Bridge Across the Sky: Talk

Freeman Ng talking about the book:

Interview on Minnesota Public Radio

“The primary theme of the book ended up being the need for solidarity across these divisions. The Chinese in my novel are being mistreated, but then they turn around and mistreat other groups that they feel are below them. And it’s really only my protagonist at the end who reached out across these lines to the other groups that he finds himself in the same situation with.”

Interview on Fresno Public Radio

“My teen protagonist initially does not even want to come to America. It’s his father’s dream to come to America, to come to Gold Mountain, as they called it, and to try to make a better economic life for himself, but the kid doesn’t really want this, and because of this, he has to, in the course of the novel, find his own mission, his own reason for being here.”

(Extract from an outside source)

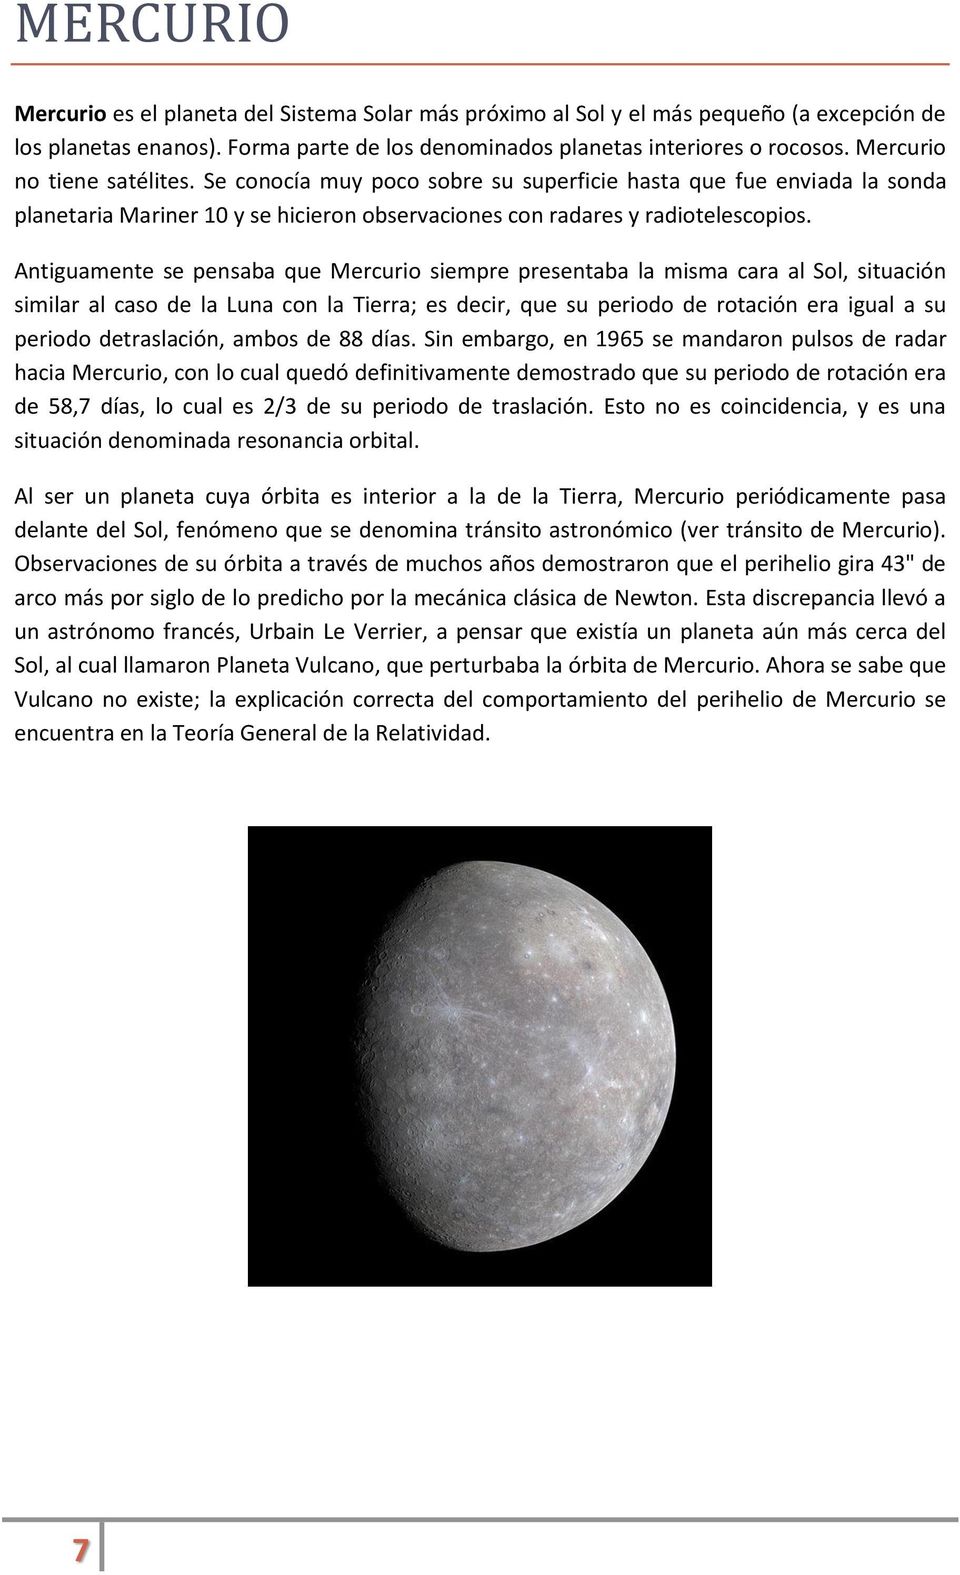 Antiguamente se pensaba que Mercurio siempre presentaba la misma cara al Sol, situación similar al caso de la Luna con la Tierra; es decir, que su periodo de rotación era igual a su periodo

Interview on Utah Public Radio

“That’s sort of a corollary to the old saying that I’ve been using a lot these days: that those who forget the past are doomed to repeat it. But those who are intentionally suppressing teaching about the wrongs of our past are trying to repeat them.”

Essay in the Omnium Gatherum Quarterly

“These kinds of walk-backs (or perhaps more accurately, walkabouts) are the journey of fiction, of poetry, of all creative endeavor. We set off down paths that call to us, not knowing where they lead, and ‘learn by going where we have to go.’”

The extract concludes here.